Patients and methods: Peripheral blood from adults with COPD (n=17), asthma (n=20), and healthy participants (n=19) was examined for expression of CD16, CD62L, CD11b, CD11c, and CD54, and analyzed by flow cytometry. For oxidative burst and CD62L shedding analysis, CD16 and CD62L stained leukocytes were loaded with Dihydrorhodamine-123 (DHR-123) and stimulated with N-Formylmethionine-leucyl-phenylalanine (fMLF). Neutrophil subsets were characterized based on CD16 and CD62L expression. Marker surface expression was recorded on CD16+ neutrophils as median fluorescence intensity (MFI).
Results: Neutrophil surface expression of CD62L was significantly reduced in COPD (median (IQR) MFI: 1156 (904, 1365)) compared with asthma (1865 (1157, 2408)) and healthy controls (2079 (1054, 2960)); p=0.028. COPD neutrophils also demonstrated a significant reduction in CD62L expression with and without fMLF stimulation.
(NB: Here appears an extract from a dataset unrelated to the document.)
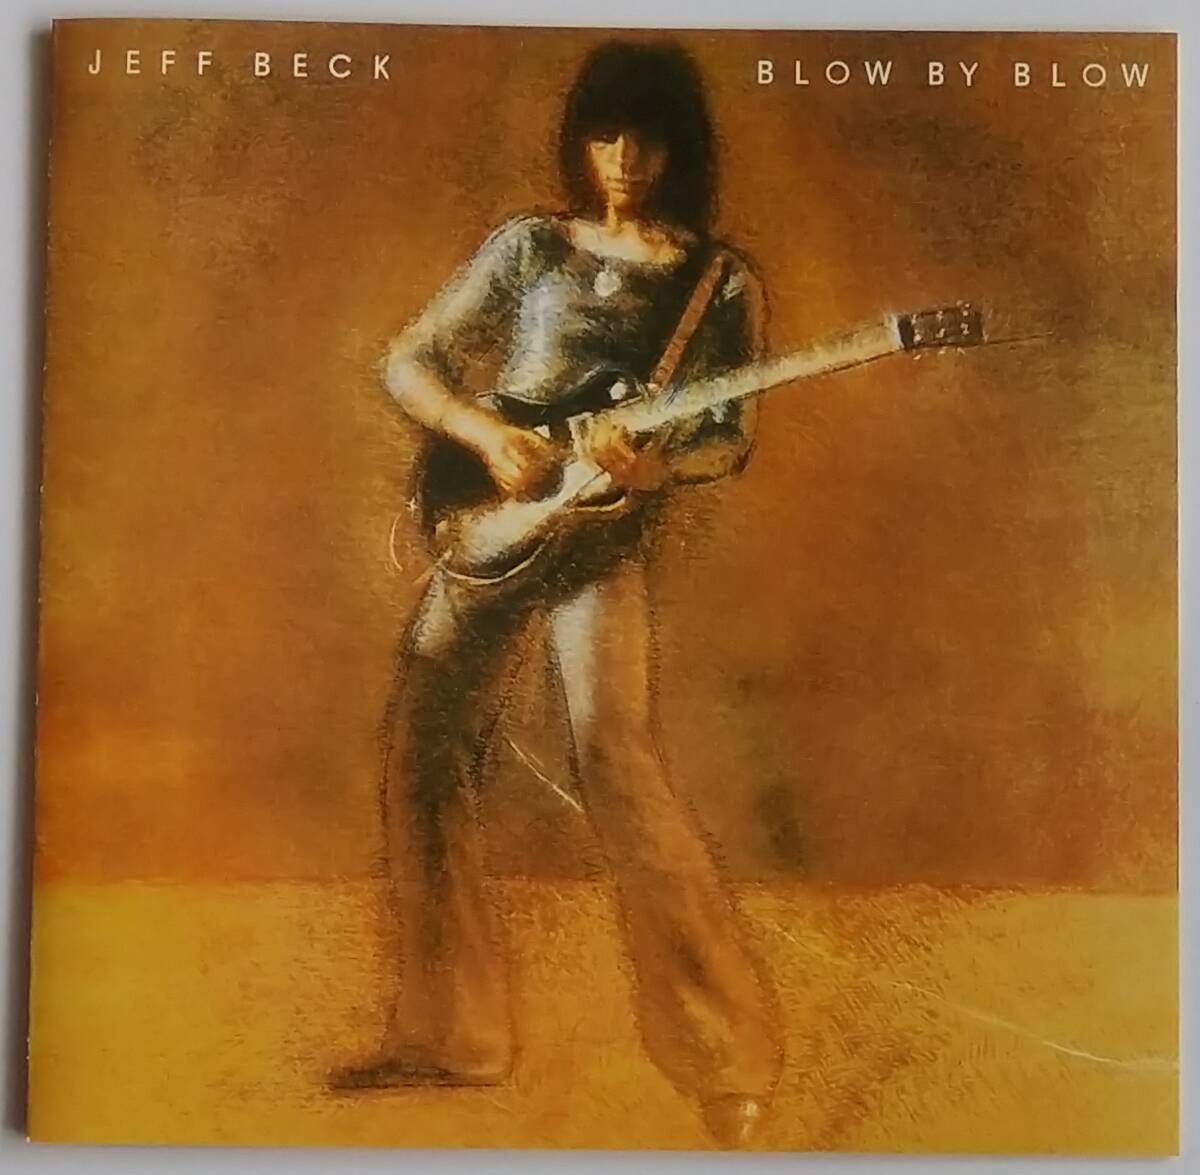 【CD】 Jeff Beck - Blow By Blow / 国内盤 / 送料無料_画像3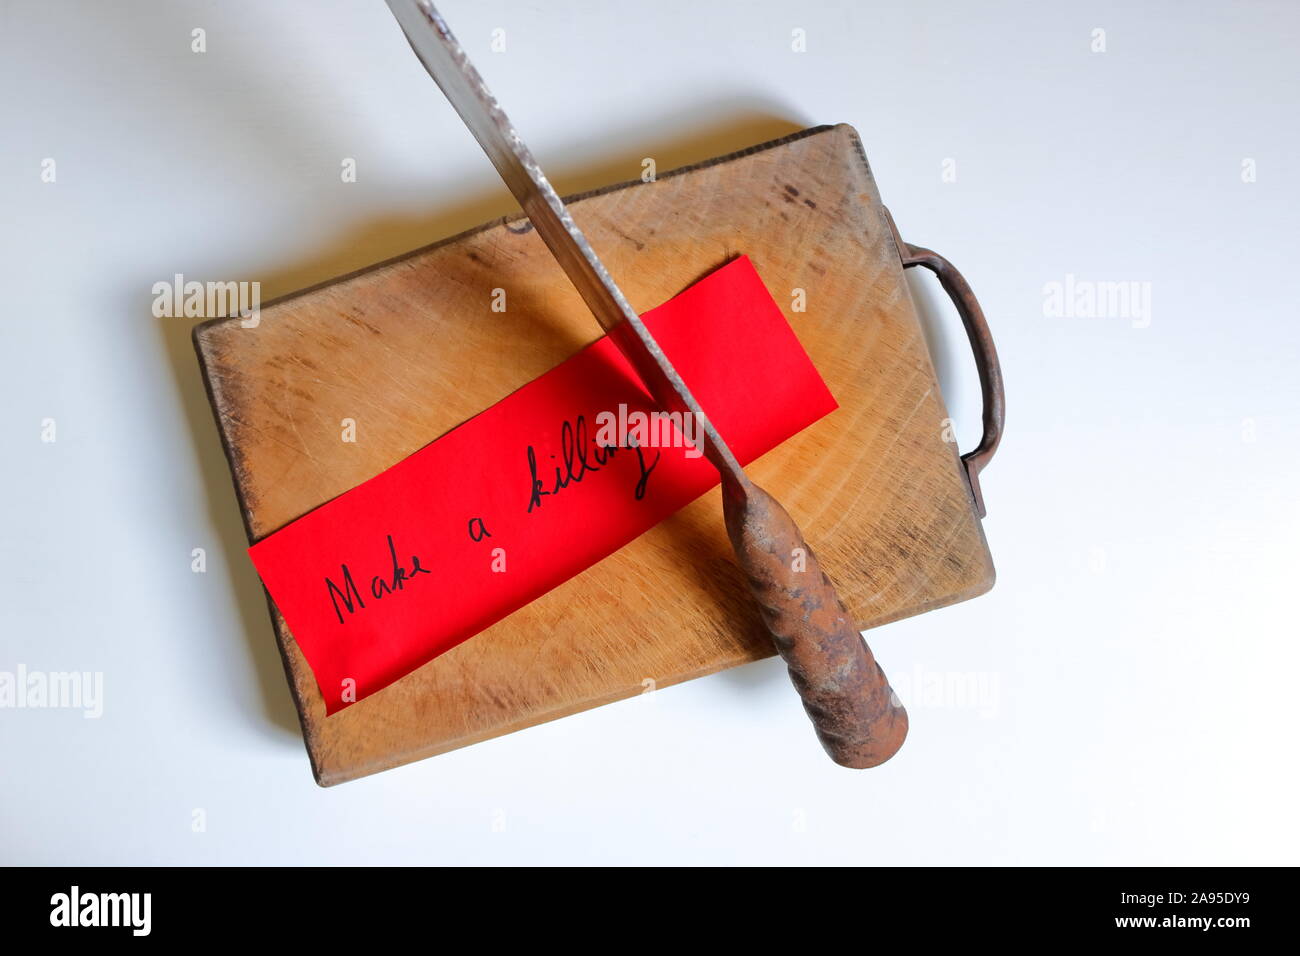 Closeup and focus on the phrase make a killing written on red paper, stuck to the cutting board with rusty chopping knife, on white wooden surface Stock Photo

Asthma participants had a significantly increased proportion and number of CD62Lbright/CD16dim neutrophils (median: 5.4% and 0.14 × 109/L, respectively), in comparison with healthy (3.54% and 0.12 × 109/L, respectively); p<0.017.
Conclusion: Reduced CD62L expression suggests blood neutrophils have undergone priming in COPD but not in asthma, which may be the result of systemic inflammation. The increased shedding of CD62L receptor by COPD blood neutrophils suggests a high sensitivity for activation.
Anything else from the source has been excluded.